Had the whole Amtrak station to myself at 6am this morning. That place is so clean you could eat your grits off the floor.
Lucky for my boredom threshold, and your general knowledge, there was an informative pictorial history of Charlottesville on the wall.
Some fascinating facts for next time you watch ‘The Chase’:
- It was named after Queen Charlotte of Mecklenberg-Strelitz (imagine her email address), wife of George III.
- Founded in 1762. That explains the plumbing.
- First street names covered all bases of daily life:
- Water St (ooooh, look, I worked out how to do indented bullets!!!)
- Market St
- Court St
- Union St
- Church St
- School St
- Green St
- Hill St
Aside from the lovely but geographically-challenged congregation at Mt Zion church, and the stunning university campus, there’s not a lot in Charlottesville.
Although my Uber driver did tell me that madly-in-love brides and grooms-to-be have to wait 2 years to marry at Thomas Jefferson’s pad, Monticello (wonder what the cold-feet rate is). And there are more restaurants per capita than anywhere else. 97% of them must’ve hiding down unlit alleys because I never saw them. And if there’s one thing that never passes me by, it’s a food joint.
It was a grey old day as the train rolled through rural Virginia this morning. Brown fields, autumn leaves, red barns and two-storey white wooden farm houses everywhere my neck could turn.
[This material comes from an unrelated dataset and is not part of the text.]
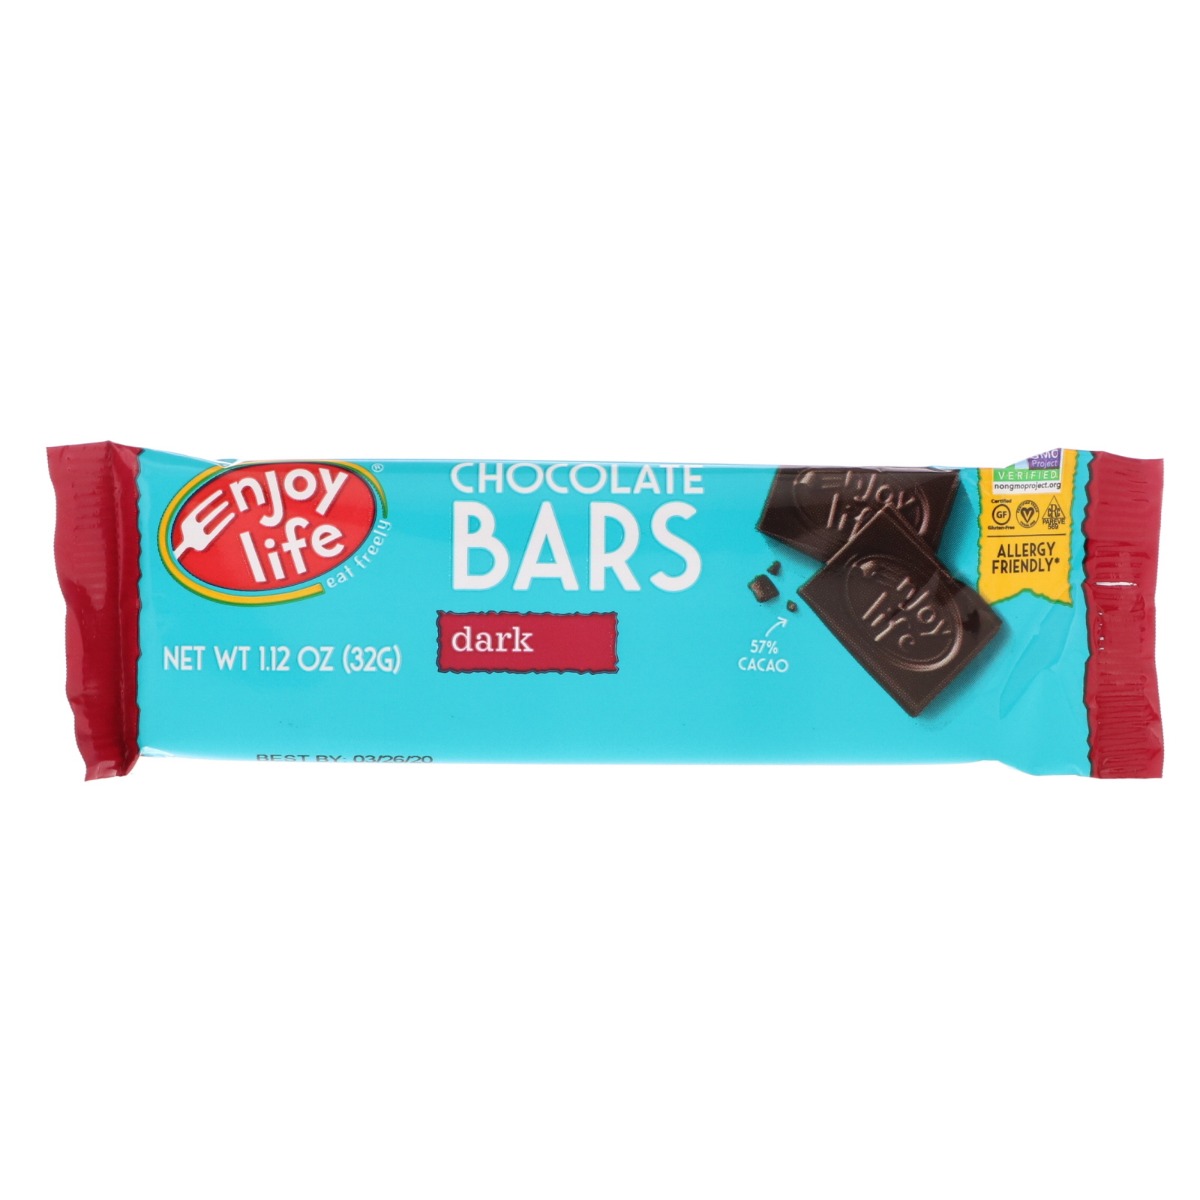 Enjoy Life - Chocolate Bar - Boom Choco Boom - Dark Chocolate - Dairy Free - 1.12 Oz - Case Of 24 - 853522000726

As homely as it was, it must be bleak there mid-winter.
In the boring bits I read about Johns Hopkins University where I’m visiting on Wednesday.
Old Johns Hopkins (Quaker, abolitionist, lifelong bachelor and philanthropist) must’ve gotten very sick of saying “It’s Johns, not John.” No wonder he set up a hospital.
His thoughtless parents named him after his grandmother’s last name. Luckily mine didn’t copy the idea in 1969 and call me Pluck Wilson.

Johns Hopkins is spread across several campuses. This is the one near my Airbnb. It’s a music conservatory and as I walked past the opera singers were practising. Stroke of luck.

Same can’t be said about His Master’s Voice. It was so bad I almost climbed up and shoved dog’s head down the funnel.
We had to sit out a long delay in Washington DC as the train engine switched from diesel to electric.

This is an electric engine. That is a train carriage. That is an Amtrak engineer. That is a yellow line. That’s how bored I was.
They kicked us all out of the lounge car so the cleaners could whirl through like tornadoes.
Not wanting to return to the stifling stinky carriages I asked the first class steward if I could hang out there. “Good try, gorgeous”, she laughed.
Forced back into my assigned seat I watched with disbelief as people who said they were taking the train because they were too large to fly struggled down the aisle with 3 enormous bags and 2 slightly smaller bags apiece.
Rule # 1 of travel: do not take more bags than you can manage by yourself.
One woman told everyone who would listen that she was taking the train to Denver (a mere 2-day trip) for “climate reasons”.
Flippin’ ‘eck woman, the plane’s going there anyway. You not flying is not going to reduce any emissions.

My first view of Baltimore – the beautiful Amtrak station. Knew I was onto a good thing when I saw that.
Right, time to go explore more of Mt Vernon before it snows later. Yes!!!
Money is slipping through my fingers faster than snowflakes so went to one of Baltimore’s first grocery stores (opened in 1944 and still has that super friendly mom and pop-ness) and bought food for breakfast, lunch and dinner for next 3 days. Tonight is steak with country chicken gravy mix. YUM.